The “rim to rim to rim” is a hike wherein one goes from the south rim of the grand canyon all the way to the north rim and then back to the south rim in a single day. The route is between 42 and 48 miles, depending on how you do it, with 12,000 feet of elevation gain and 12,000 feet of elevation loss. The R2R2R is popular with ultrarunners, who run most of it, and with long-distance hikers, who walk most of it. I haven’t run in over two months and don’t want to injure myself, so I’ll be walking the entire thing. If we’re successful it’ll be the most miles I’ve ever hiked in a day (my previous biggest day was 44.5 miles on the last day of the PCT in 2014), and also the most elevation gain I’ve done in one day. Logically, nothing on the Hayduke has prepared me for this, as we had no big days and mostly hiked slow and used our arms a lot and my legs were rarely even tired, so I probably shouldn’t attempt it. But I’ve wanted to hike the r2r2r for over a year, and it’s on our way back to Moab, and I’ve been laying around for five days and it just sounds really, really fun. I think.
It is fun. We car-camp amongst the ponderosas on a forest service road just south of the park. My alarm set to 3:15 a.m. We’re up and at the grand canyon visitor center by the time the first shuttle bus pulls up at 4:30 a.m.. We’ve got light packs full of bars and a two-liter water capacity (there are springwater spigots every seven miles along the corridor trails!). I’ve also packed a puffy and a headlamp. By 4:45 a.m. we’re switchbacking down the south kaibab trail as the first light begins to wash out the stars above.

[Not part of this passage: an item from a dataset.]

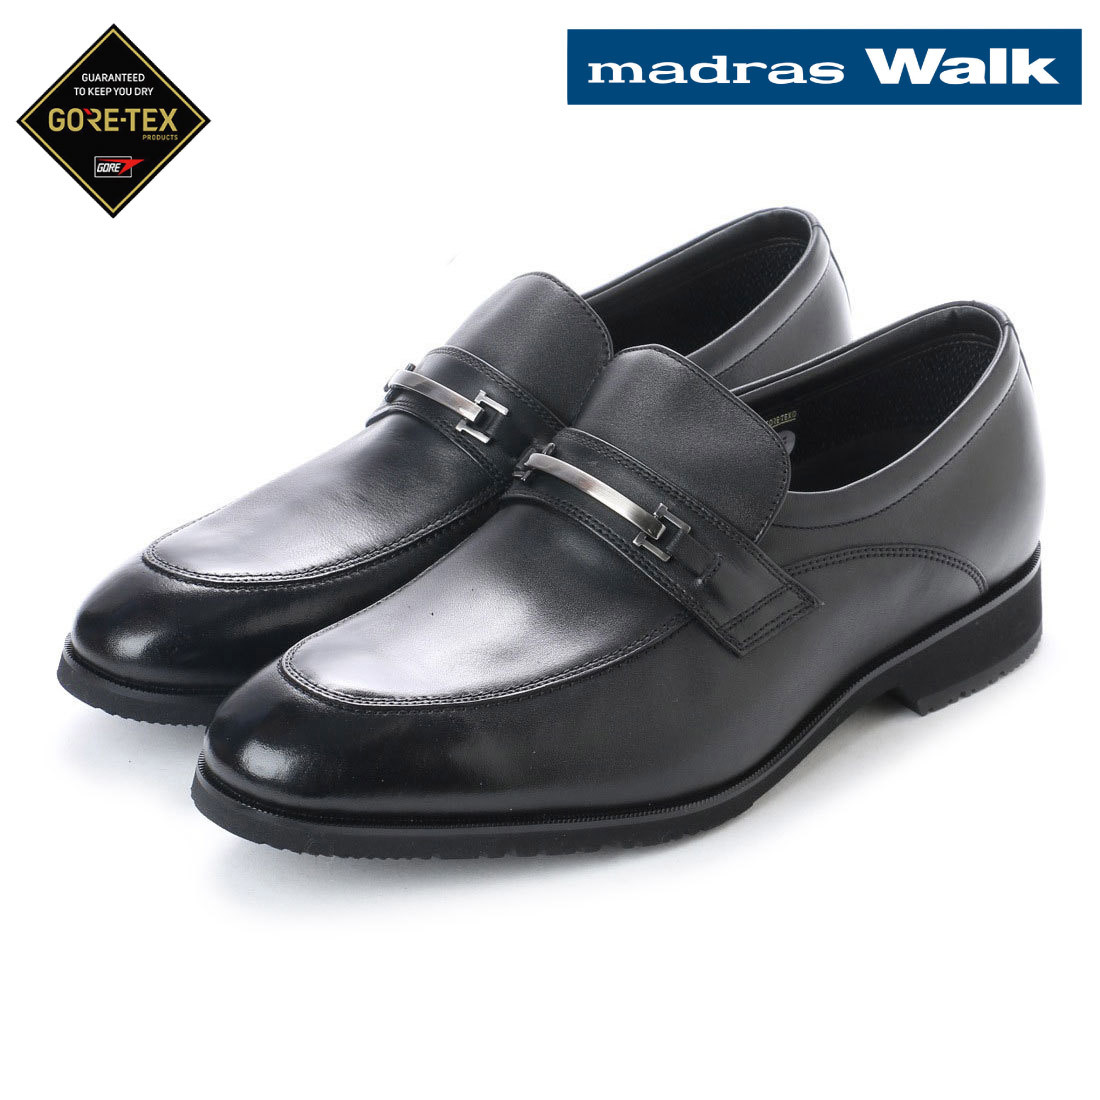 新製品情報も満載 △madras Walk (0910010299-bk-s255) 25.5cm 黒

It feels so good to hike. To just fucking hike. To walk as fast as I can on good tread with beautiful views and accurate mileage. We’re going down, down, down, pounding our quads and knees, 6,000 feet down to the Colorado river. A couple of hours after setting out we cross the emerald Colorado on a narrow footbridge and then we’re at Phantom Ranch, filling up our water bottles in the bright morning. A couple is there, sitting on one of the picnic tables. The woman has a blonde ponytail and a super cool magenta and purple hydration pack with a front pocket. The man has red-rimmed eyes and a tiny MLD pack.

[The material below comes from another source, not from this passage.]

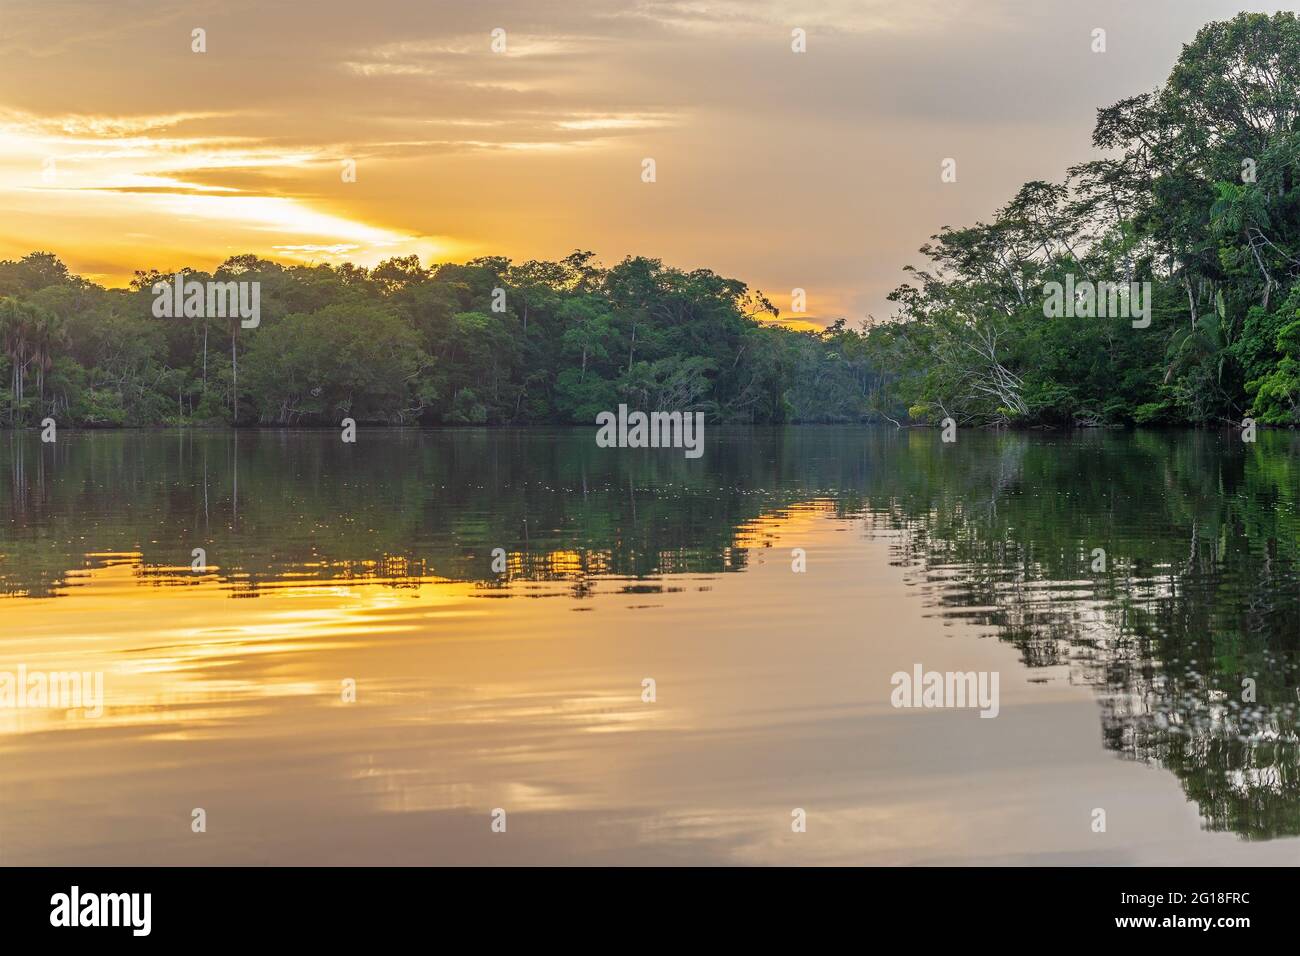 Amazon Rainforest lagoon sunset, generic landscape found in Brazil, Bolivia, Colombia, Ecuador, French Guyana, Suriname, Peru, Venezuela. Stock Photo

“Are you Carrot?” says the woman. “I follow you on instagram!” Her name is Phoenix, and she hiked the PCT in 2015. She works as a nurse in Arizona. Her friend’s name is Bad Science, and they’re hiking the r2r2r as well, but they started yesterday- at 7 p.m. They’ve been hiking all night, in the dark, and all they have left is the seven miles up the south kaibab trail, back to the south rim. So cool!
“It’s easier in the dark, in a way,” says Phoenix. She laughs deliriously.
“We’re in the hallucinatory phase,” says the Bad Science. He rakes his hands through his long hair.
I can’t wait to be where they are- back at Phantom Ranch, exhausted, just one final 6,000 foot ascent left. We’ve got so much ahead of us, though, before then- about 28 miles. (Our hike is 45 miles total- 42 plus the 3 mile walk back to Dan’s car, as the shuttles won’t be running when we finish.)
I chug some matcha at Phantom Ranch, in my gatorade bottle. Matcha is this powdered green tea stuff that I bought at the whole foods in Sedona. This morning it makes me feel really good. Or maybe I just feel really good because I’m in the Grand Canyon on good corridor trails, hiking myself to death. Who can say.
We walk along bright angel creek in the cool canyonshade, almost imperceptibly uphill. There are lots of weekend backpackers of various demographics, some with giant packs and others with smaller packs, all of them communing with the rock and the water and the oncoming heat. Except the weather is perfect for us today. A little windy, a little cloudy. It’ll be maybe 70 degrees down here in the bottom of the canyon, max. We lucked out!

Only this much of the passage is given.